[[ Records shown open ]]
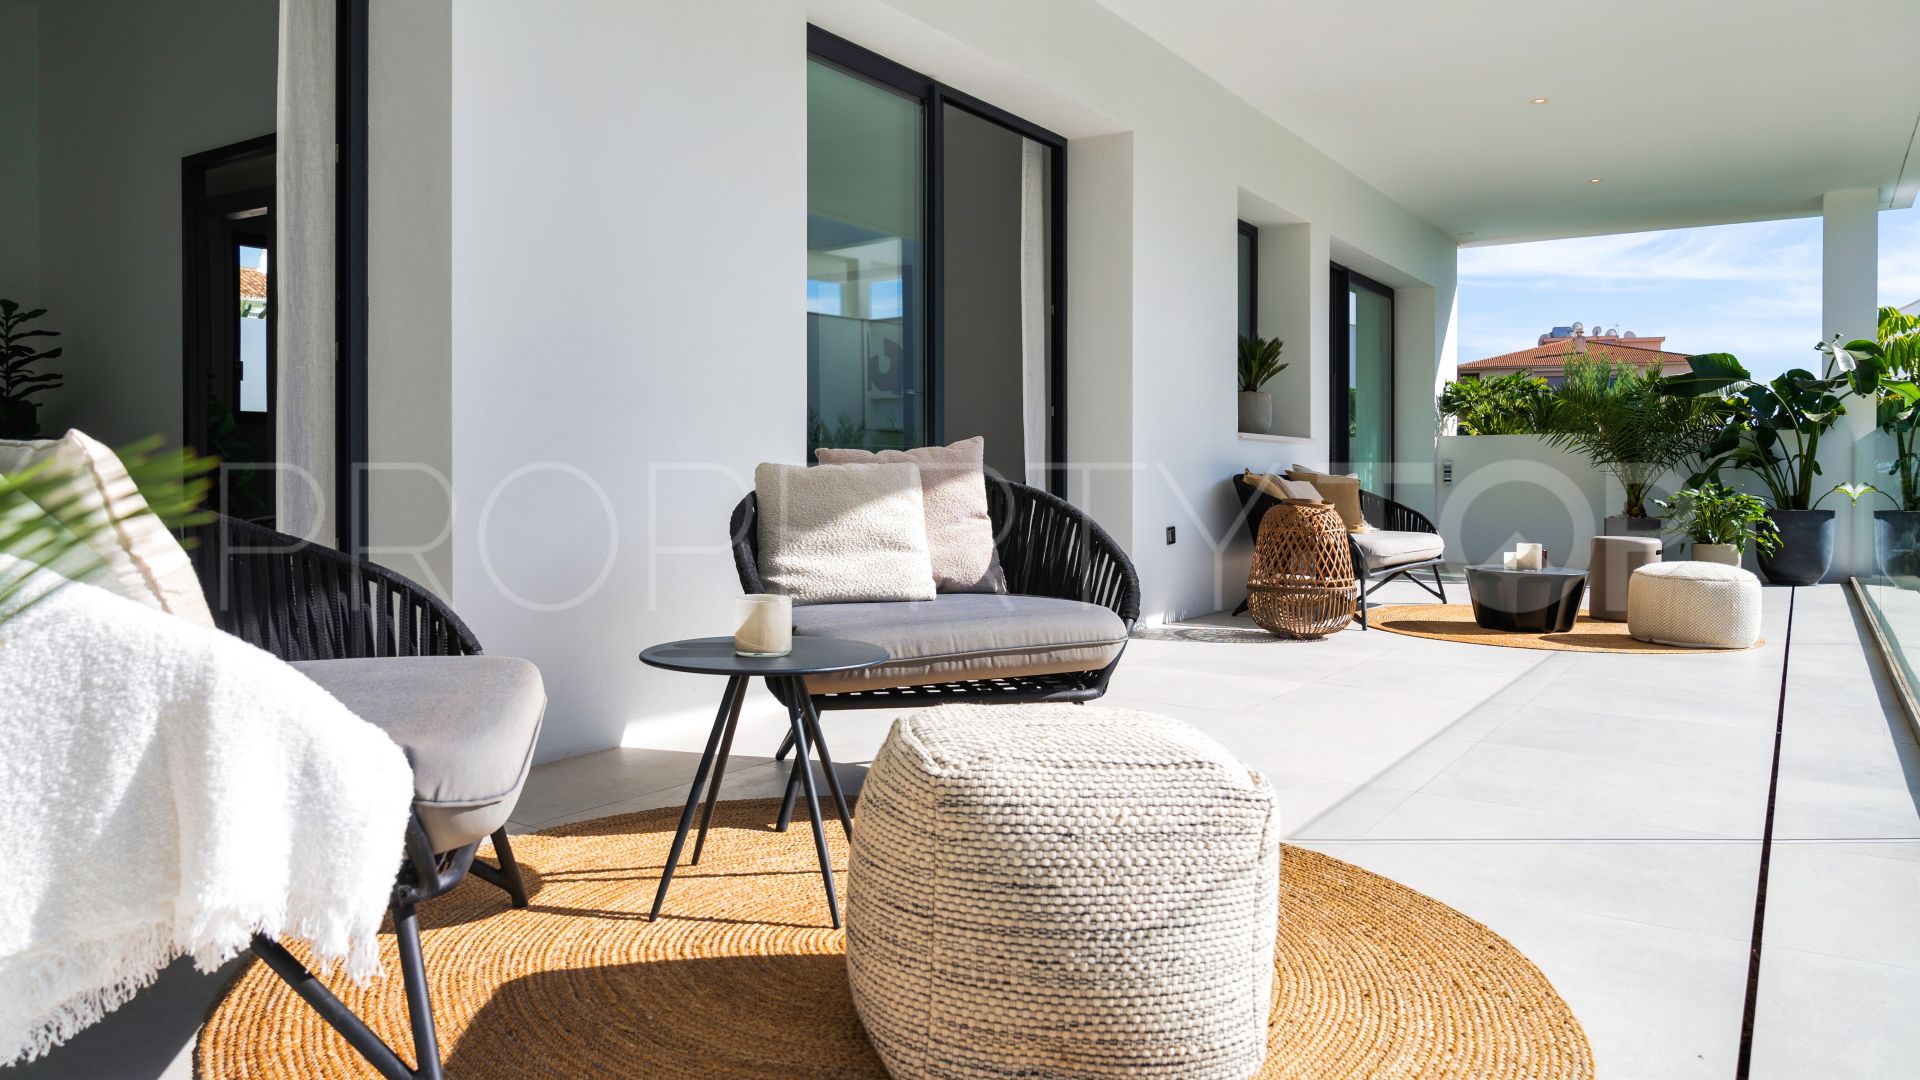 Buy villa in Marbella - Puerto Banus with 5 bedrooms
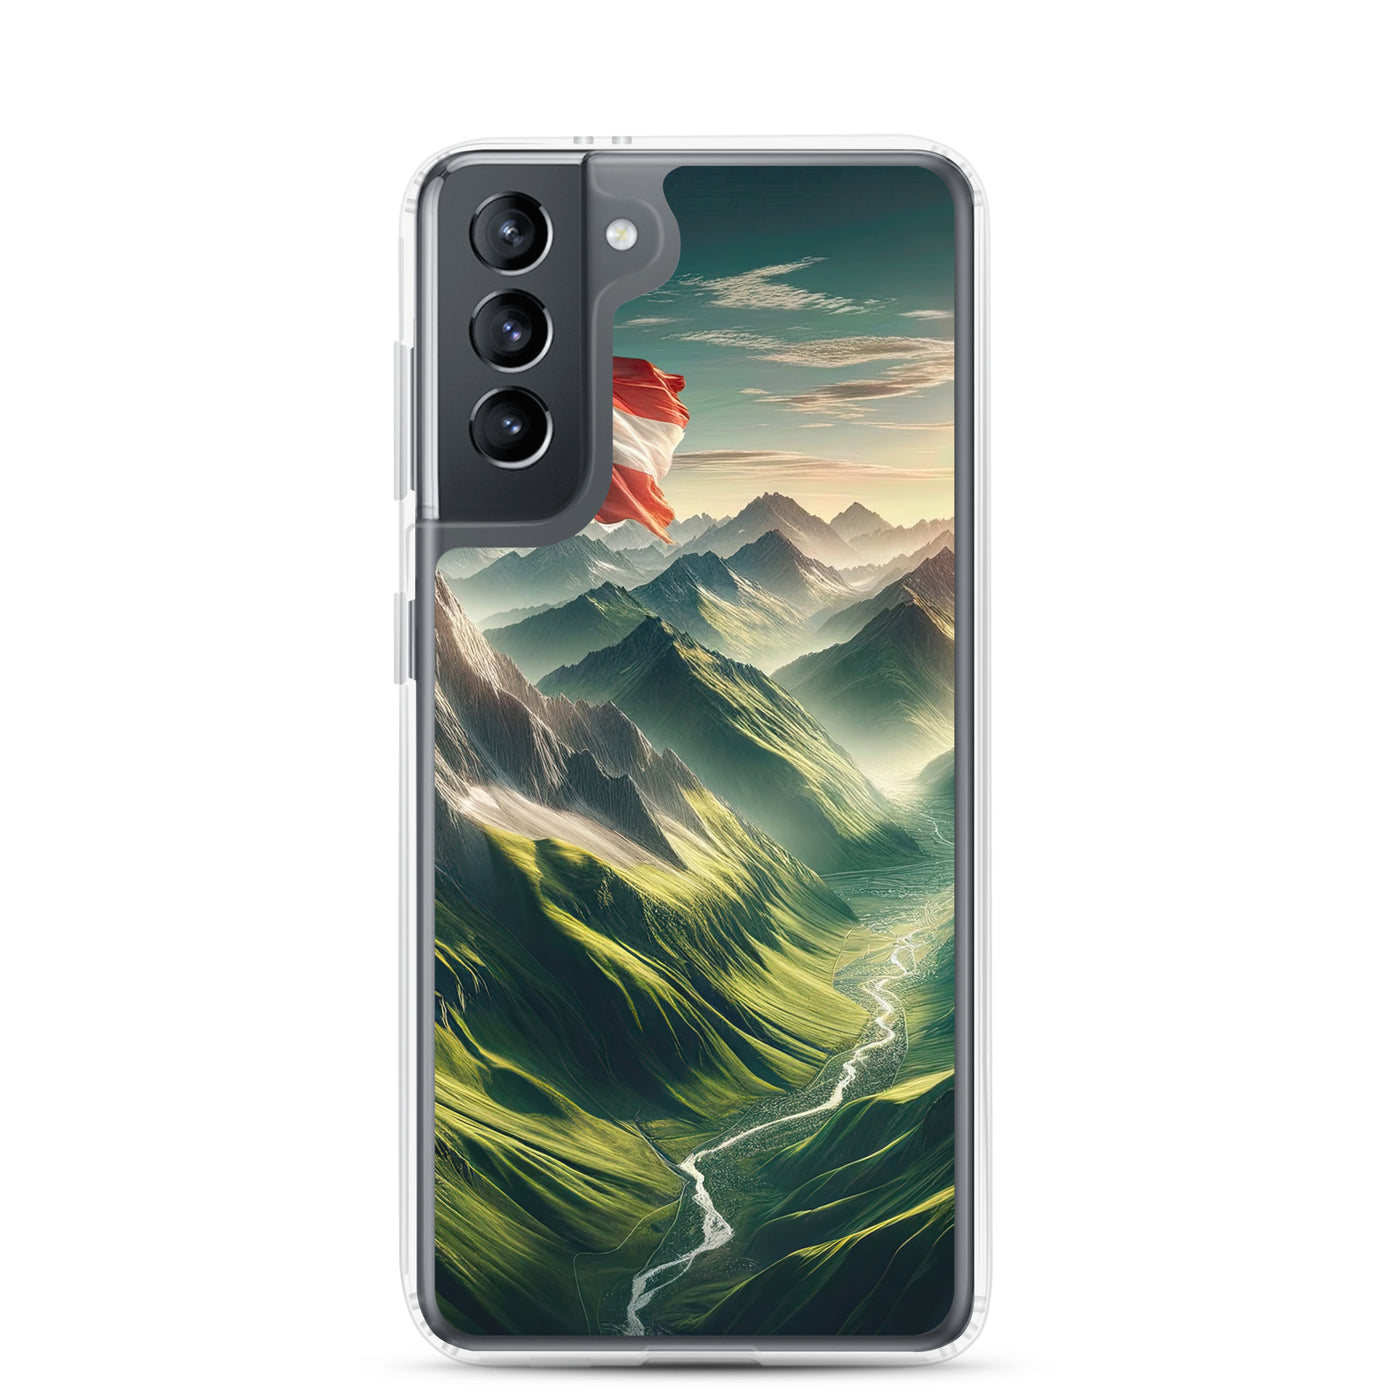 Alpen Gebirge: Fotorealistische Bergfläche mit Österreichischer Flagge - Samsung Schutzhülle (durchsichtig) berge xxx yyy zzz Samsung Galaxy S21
[[ Records shown closed ]]
[[ Records shown open ]]
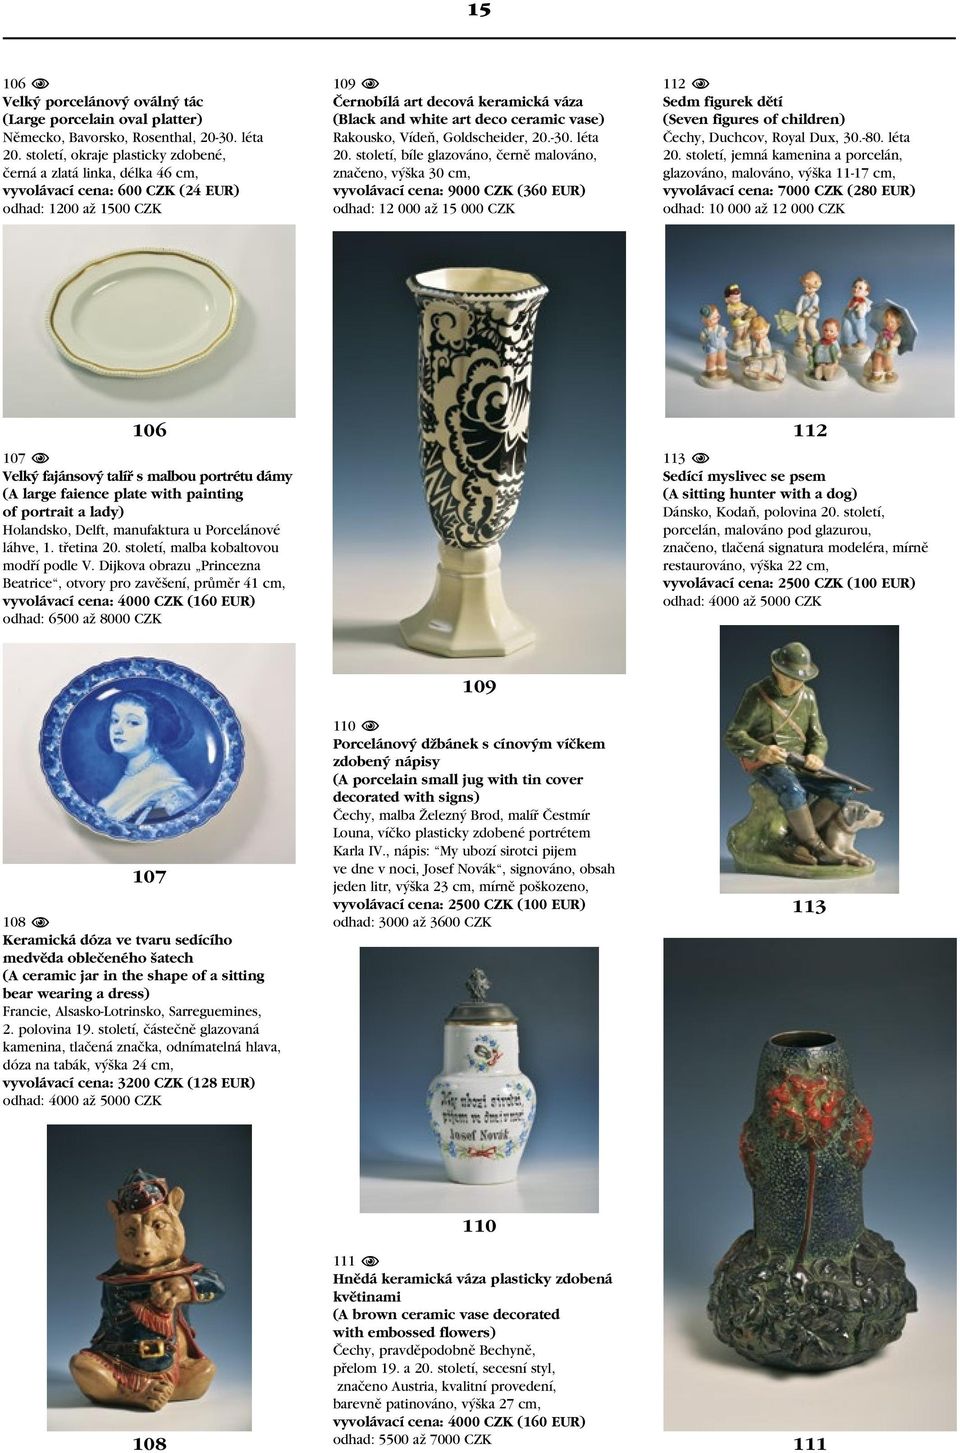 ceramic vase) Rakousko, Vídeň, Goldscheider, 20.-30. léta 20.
[[ Records shown closed ]]
■ Work task ■
Look back over the records above. Reproduce exactly everything from the line with "Buy villa in" down to the line with "Alpen Gebirge: Fotorealistische", inclusive, and leave the pictures out.

■ Solution for this task ■
 Buy villa in Marbella - Puerto Banus with 5 bedrooms
 Alpen Gebirge: Fotorealistische Bergfläche mit Österreichischer Flagge - Samsung Schutzhülle (durchsichtig) berge xxx yyy zzz Samsung Galaxy S21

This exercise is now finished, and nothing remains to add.